# [MATERIALS PROVIDED]
━━━━
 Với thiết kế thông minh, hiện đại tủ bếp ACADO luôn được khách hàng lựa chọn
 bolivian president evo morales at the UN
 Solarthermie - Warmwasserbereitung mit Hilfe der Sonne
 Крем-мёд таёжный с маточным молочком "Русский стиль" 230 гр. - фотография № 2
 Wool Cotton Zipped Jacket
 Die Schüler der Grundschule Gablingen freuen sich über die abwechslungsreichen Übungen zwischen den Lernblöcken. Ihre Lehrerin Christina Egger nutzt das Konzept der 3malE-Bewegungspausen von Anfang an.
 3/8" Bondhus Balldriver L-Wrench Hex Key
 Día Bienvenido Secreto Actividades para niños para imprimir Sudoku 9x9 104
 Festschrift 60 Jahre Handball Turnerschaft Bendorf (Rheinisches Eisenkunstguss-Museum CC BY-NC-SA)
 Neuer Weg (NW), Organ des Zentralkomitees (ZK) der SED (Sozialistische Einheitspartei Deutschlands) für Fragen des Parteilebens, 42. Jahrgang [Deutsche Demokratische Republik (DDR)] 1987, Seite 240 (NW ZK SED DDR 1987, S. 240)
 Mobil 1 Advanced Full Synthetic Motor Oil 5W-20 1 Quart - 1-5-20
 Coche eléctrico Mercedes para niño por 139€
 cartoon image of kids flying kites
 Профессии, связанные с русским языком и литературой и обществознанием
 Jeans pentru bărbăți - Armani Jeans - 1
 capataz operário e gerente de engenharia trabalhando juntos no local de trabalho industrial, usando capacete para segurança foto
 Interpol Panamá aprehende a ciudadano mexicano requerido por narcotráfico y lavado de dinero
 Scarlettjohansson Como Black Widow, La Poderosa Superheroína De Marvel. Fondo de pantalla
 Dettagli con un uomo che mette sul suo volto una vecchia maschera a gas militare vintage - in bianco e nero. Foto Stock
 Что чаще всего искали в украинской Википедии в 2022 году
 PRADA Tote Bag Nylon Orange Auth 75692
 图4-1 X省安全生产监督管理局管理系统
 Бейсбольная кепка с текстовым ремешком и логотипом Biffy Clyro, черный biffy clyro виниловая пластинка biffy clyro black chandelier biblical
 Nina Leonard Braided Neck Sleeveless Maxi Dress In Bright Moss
━━━━
# [INSTRUCTIONS TO FOLLOW]
Nothing but the lines from the one with "PRADA Tote Bag Nylon Orange Auth 75692" to the last line of the data should appear in the answer, each exactly as it stands.

# [RESPONSE TO THE EXERCISE]
 PRADA Tote Bag Nylon Orange Auth 75692
 图4-1 X省安全生产监督管理局管理系统
 Бейсбольная кепка с текстовым ремешком и логотипом Biffy Clyro, черный biffy clyro виниловая пластинка biffy clyro black chandelier biblical
 Nina Leonard Braided Neck Sleeveless Maxi Dress In Bright Moss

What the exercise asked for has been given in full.